Question

Suppose a differentiable function $f\left(x\right)$ satisfies the identity $f\left(x+y\right)=f\left(x\right)+f\left(y\right)+x{y}^2+x^{2}y$ for all real $x$ and $y$. If $\underset{x\to 0}{\lim }\frac{f\left(x\right)}{x}=1$.Then $f^{\text{'}}\left(3\right)$ is equal to:

Answer 1

Given $f\left(x+y\right)=f\left(x\right)+f\left(y\right)+x{y}^2+x^{2}y$ for all real $x$ and $y$. and $\underset{x\to 0}{\lim }\frac{f\left(x\right)}{x}=1$.

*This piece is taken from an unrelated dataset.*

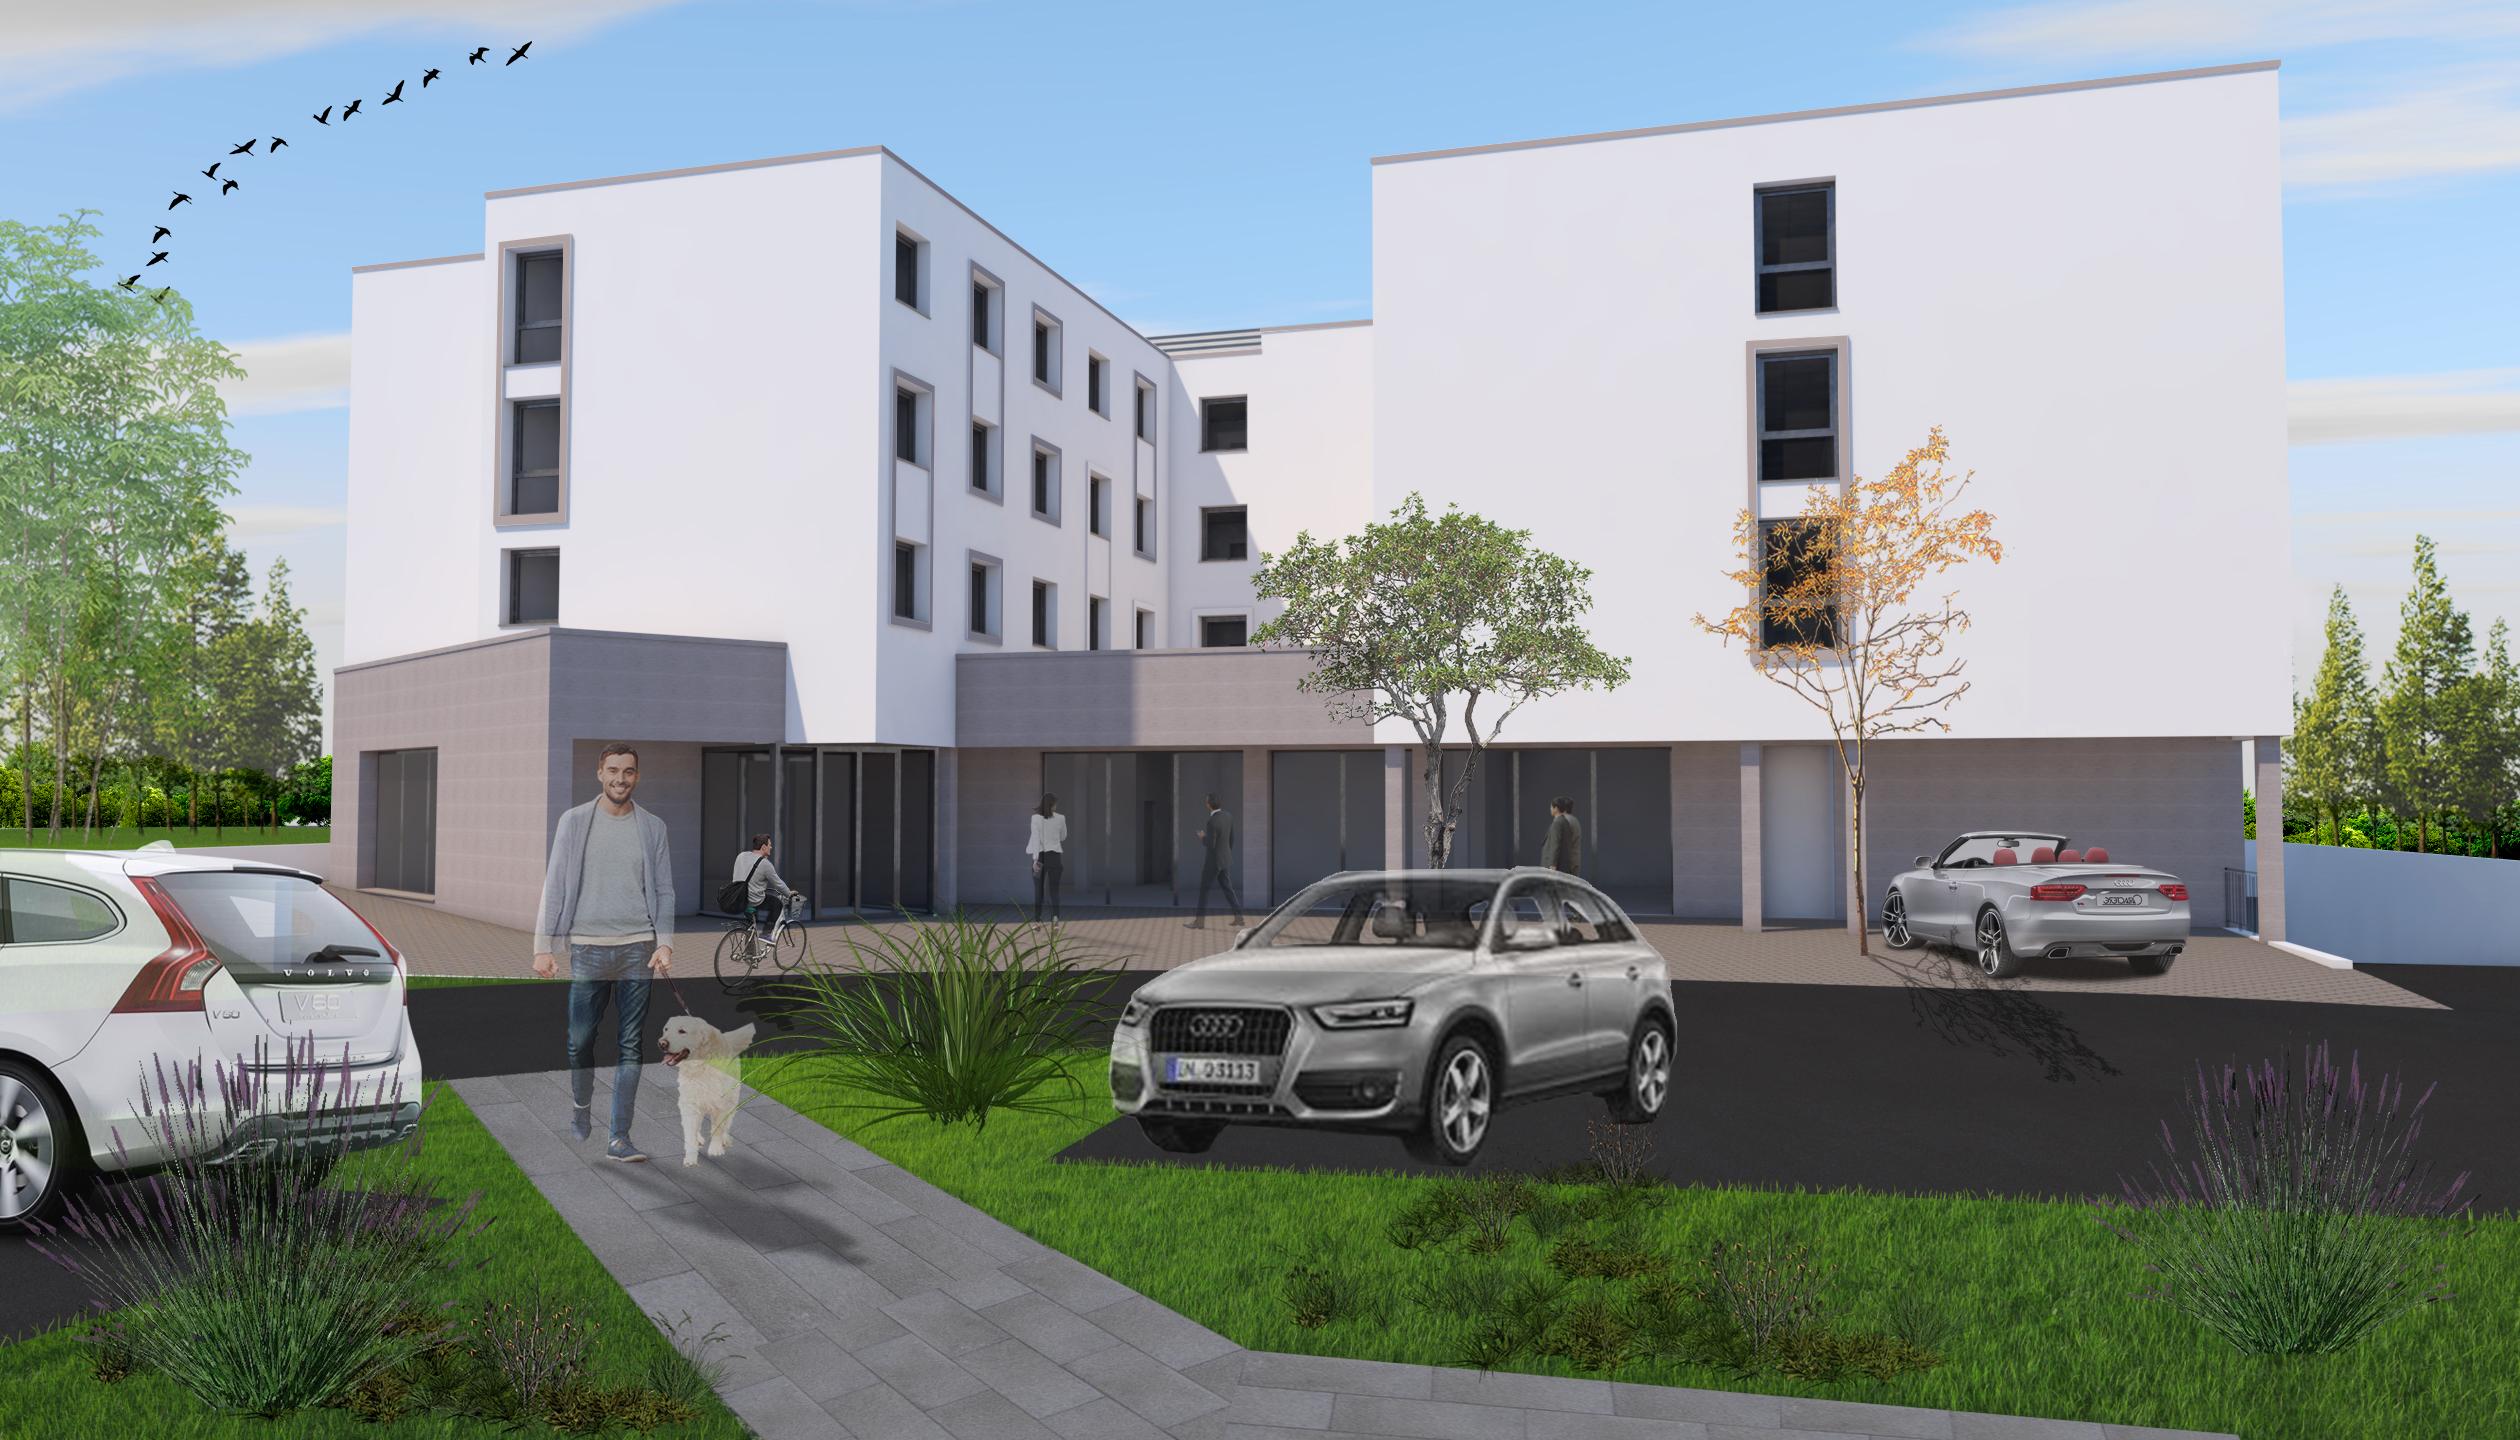 Baugenehmigung Hotelneubau Filderstadt-Bernhausen

Step 1: To find $f^{\text{'}}\left(x\right)$

We know that,

$f^{\text{'}}\left(x\right)=\underset{h\to 0}{\lim }\frac{f\left(x+h\right)-f\left(x\right)}{h}$

$$\begin{gathered} =\underset{h\to 0}{\lim }\frac{f\left(x\right)+f\left(h\right)+x{h}^2+x^{2}h-f\left(x\right)}{h}\left[\text{given}\right] \\ =\underset{h\to 0}{\lim }\frac{f\left(h\right)}{h}+\underset{h\to 0}{\lim }\frac{x{h}^2}{h}+\underset{h\to 0}{\lim }\frac{x^{2}h}{h} \\ =\underset{h\to 0}{\lim }\frac{f\left(h\right)}{h}+x^2 \\ =1+x^2\left[\because \underset{x\to 0}{\lim }\frac{f\left(x\right)}{x}=1\right] \end{gathered}$$

Therefore,

$f^{\text{'}}\left(x\right)=1+x^2$

Step 2: To find $f^{\text{'}}\left(3\right)$

$f^{\text{'}}\left(x\right)=1+x^2$

$$\begin{gathered} \Rightarrow f^{\text{'}}\left(3\right)=1+3^2 \\ =1+9 \\ =10 \end{gathered}$$

Hence, the value of $f^{\text{'}}\left(3\right)=10$